Babys erhalten eine höhere Alu-Dosis als Erwachsene

Der zweite seltsame Aspekt in der Aussage von Wiedermann-Schmidt ist der Bezug auf Erwachsene. Denn in erster Linie sind es Babys, die ab einem Alter von drei Monaten den Impfprogrammen unterworfen werden. Wie sehr hier die Relationen verschwimmen zeigt der Grenzwert für Aluminium in Impfstoffen, der im Europäischen Arzneibuch für Erwachsene ebenso wie für Kinder mit 1,25 Milligramm pro Dosis angegeben wird. Bei einem Besuch beim Impfarzt bekommt ein drei Monate altes Baby, das die in Österreich üblichen Impfstoffe (Sechsfach- plus Pneumokokken-Impfung) erhält, eine Menge von 1,32 Milligramm Aluminium gespritzt. Wenn dann - wie es von einigen Impfexperten empfohlen wird - auch noch die neue Meningokokken-Impfung dazu verabreicht wird, steigt die Alu-Dosis auf 1,82 Milligramm an.

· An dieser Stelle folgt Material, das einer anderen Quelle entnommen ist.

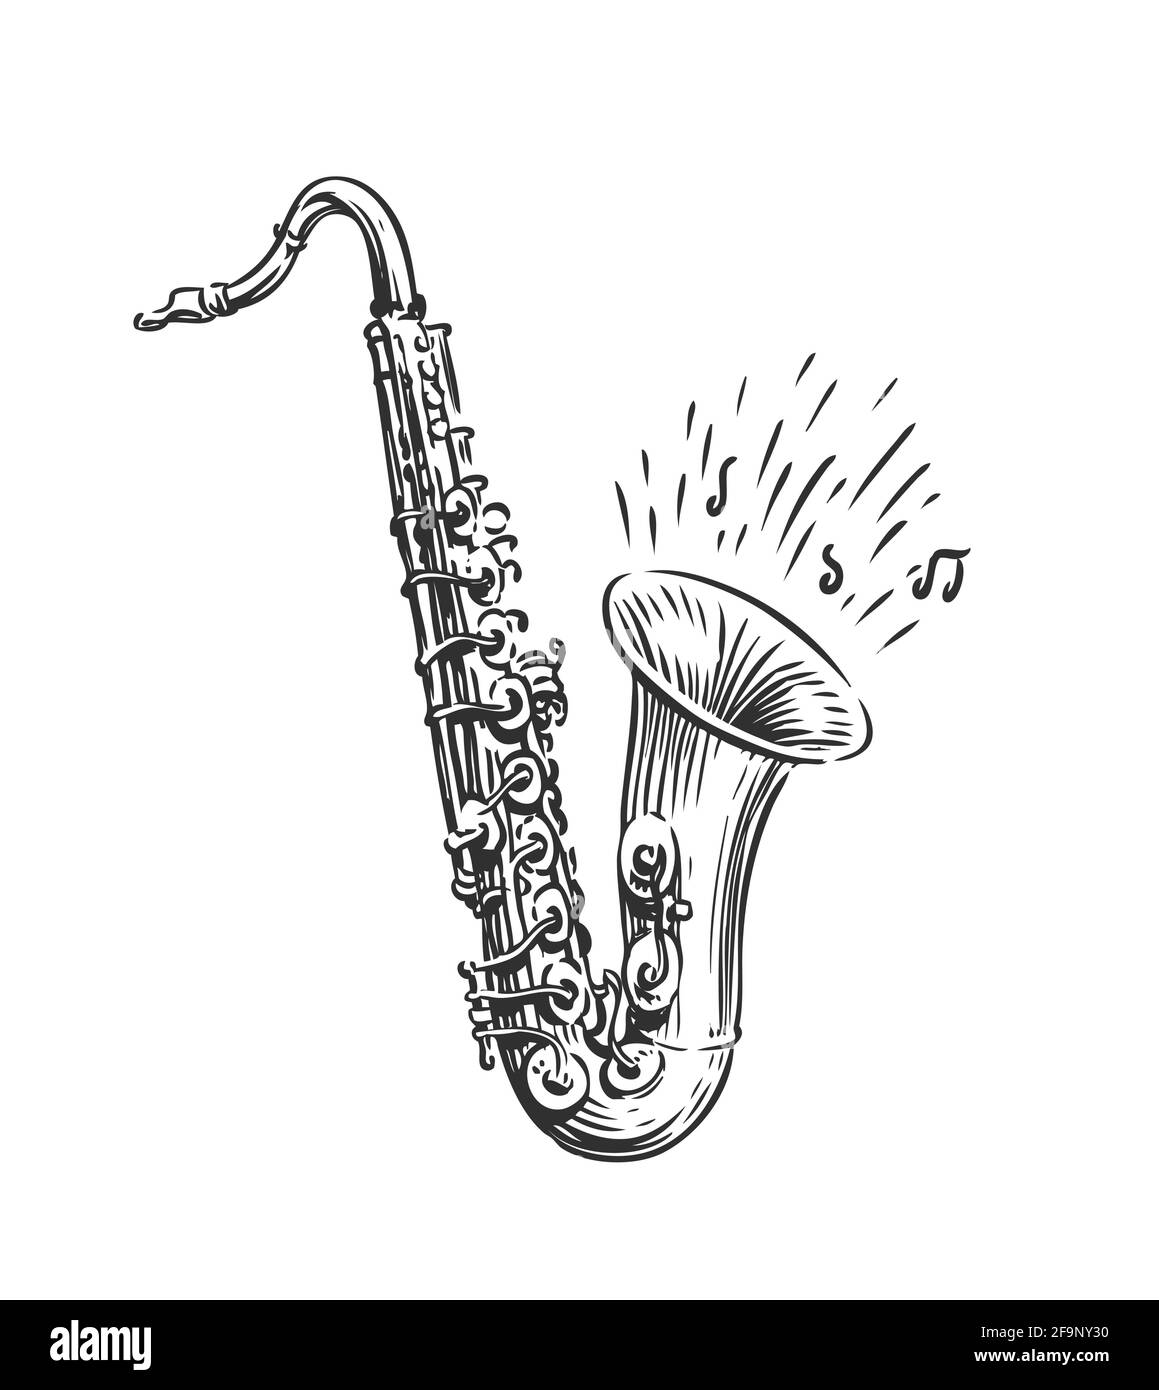 Dessin à la main de saxophone à vecteur isolé art. Instrument musical pour la décoration invitation festival de jazz, boutique de musique Illustration de Vecteur

Niemand von den Impfexperten kommt auf die Idee, diese Vorgaben in Frage zu stellen. Niemand von den Impfexperten kommt auf die Idee, dass es höchste Zeit wäre, die wichtige Frage der Sicherheit und Ausscheidung von Aluminium auf seriöser Basis zu messen - mit deutlich mehr Probanden als einem Menschen und zwei Hasen.

Doch jeder der Impfexperten wundert sich, warum die Impfskepsis in der Bevölkerung ständig wächst.